Getting answers to these questions on what engages Reddit audiences can be helpful to news publishers or marketing specialists interested in broadening their reach. It can also be used for anomaly detection of behavior that lies outside of “seen” activity and could indicate new emerging trends or bot activity. Without prematurely sharing too much of our final results, it turns out we can predict with 92% accuracy which subreddit a news post will be discussed in by using a TensorFlow model that combines information from GDELT and other public data sources.
In this blog you will learn how to:
- Combine traditional NLP techniques such as entity detection with newer techniques such as word embeddings in a deep learning TensorFlow model
- Maintain your train and test data in BigQuery for reproducibility of your results
Getting to know the data
The data sources used for training our TensorFlow model included:As we went about building the TensorFlow model for this prediction task, we first assembled our training dataset. In the third blog of this blog series, we will explain how we built this input dataset, bringing GDELT and Reddit data together by using Cloud Dataflow and BigQuery. Users of Dataflow and Keras will appreciate the similarity between the two frameworks, as both of them make it very easy to develop layered data transformation graphs.
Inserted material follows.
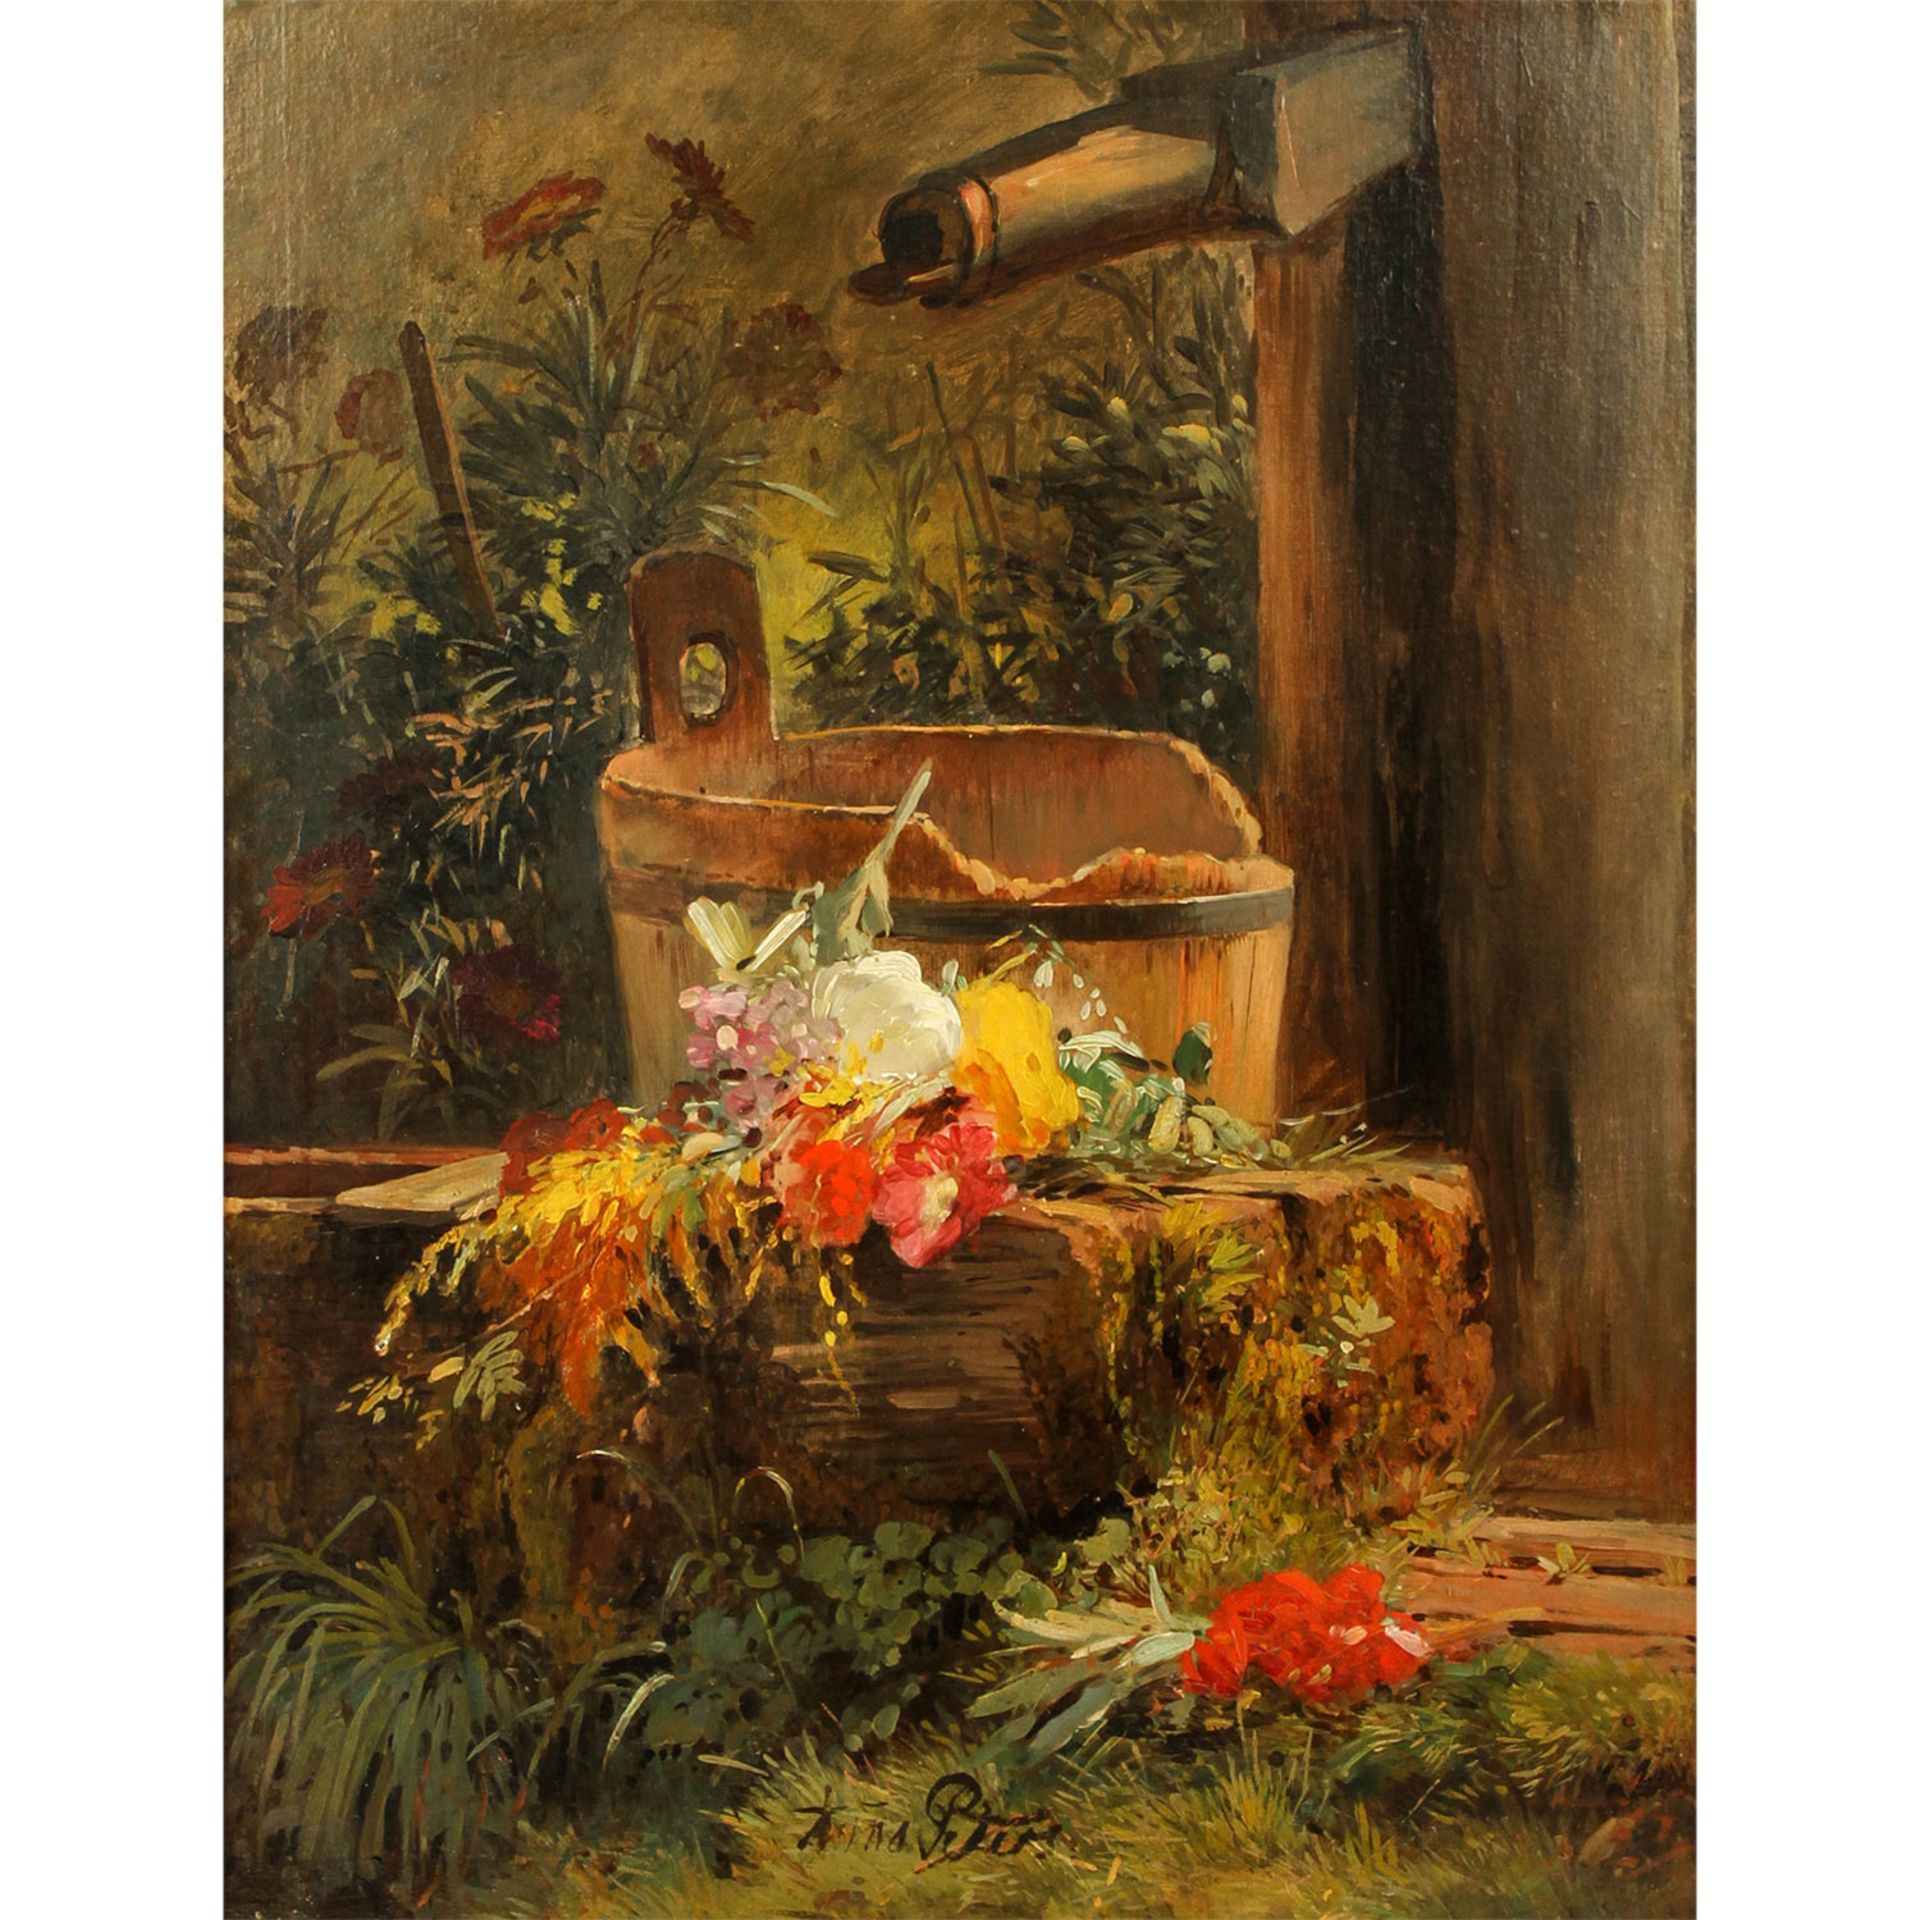 PETERS, ANNA (Mannheim 1843 - 1926 Stuttgart), "Blumen am Gartenbrunnen",Sommerblumen auf einer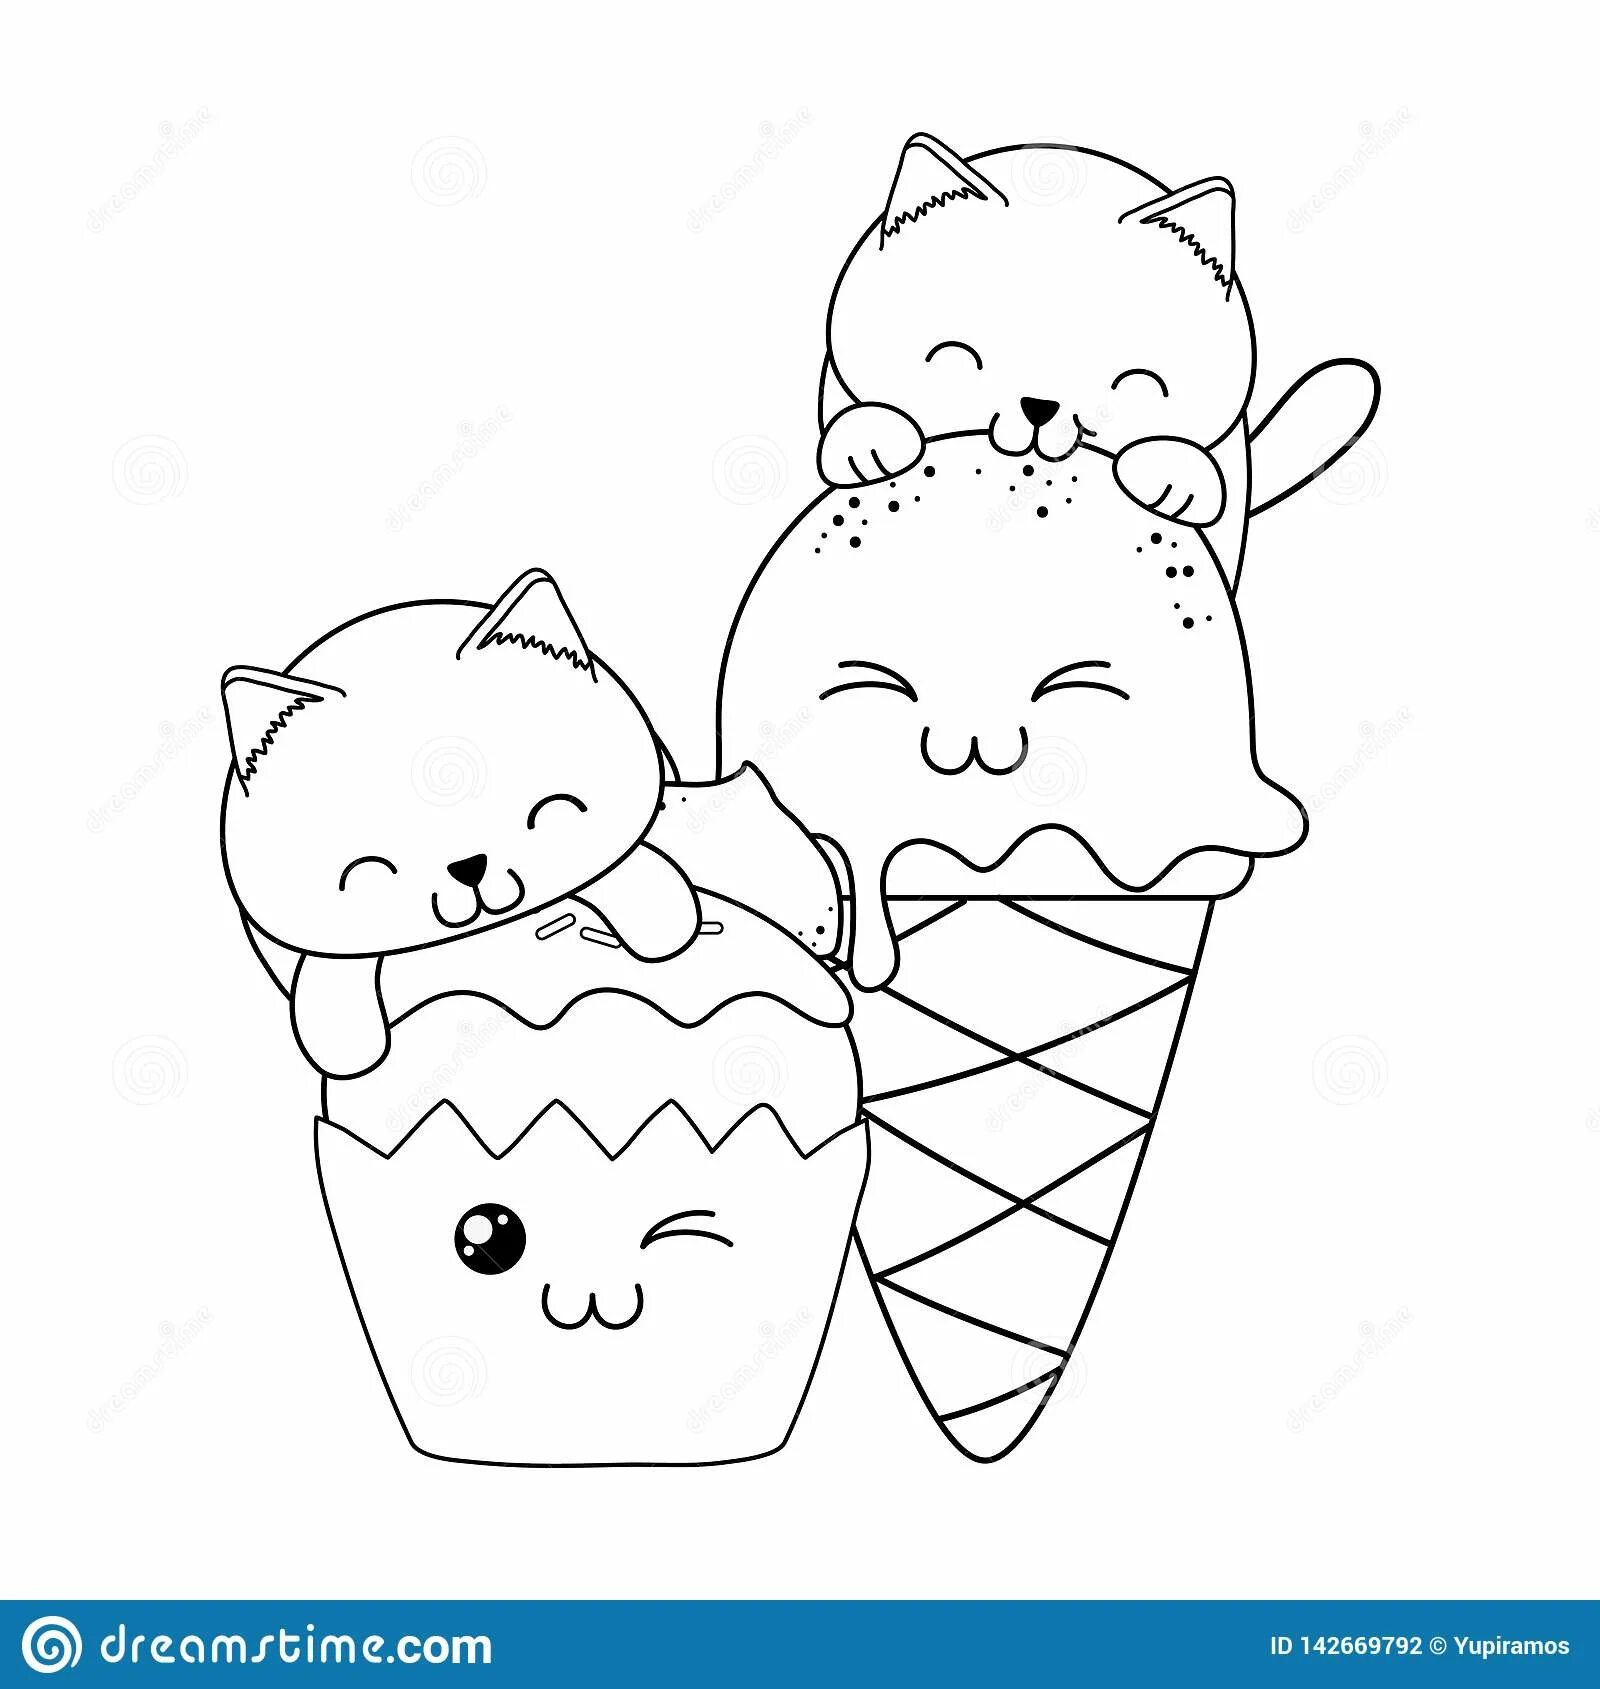 Cat ice cream #4

GDELT analysis service showing connections between news themes related to Bitcoin
Let’s start by posing a hypothesis about user behavior on Reddit. Our hunch is that the content of the article and where it was published plays a role in piquing the interest of a Reddit user and her subsequent selection of the subreddit where she will post it for discussion. To evaluate this theory, we will develop a model that makes the following prediction: “Based on WHERE the article was published, and WHAT it was ABOUT, WHO will share it on WHICH subreddit”. If the accuracy of the model is high, we will consider our hunch proved true. This is, by the way, a methodical approach for developing ML models grounded in some basic knowledge of the data and intuition about the human behavior involved.
Predictor | Predictor | Outcome | Outcome |
WHERE PUBLISHED | WHAT ABOUT | WHO POSTED | WHICH COMMUNITY |
Domain | Tags, GDELT Entities | Submitter | subreddit |
For this model, we will use text topics supplied by GDELT and the open source library Sirocco, as well as domains extracted from the Article URL (e.g. foxnews.com or washingtonpost.com).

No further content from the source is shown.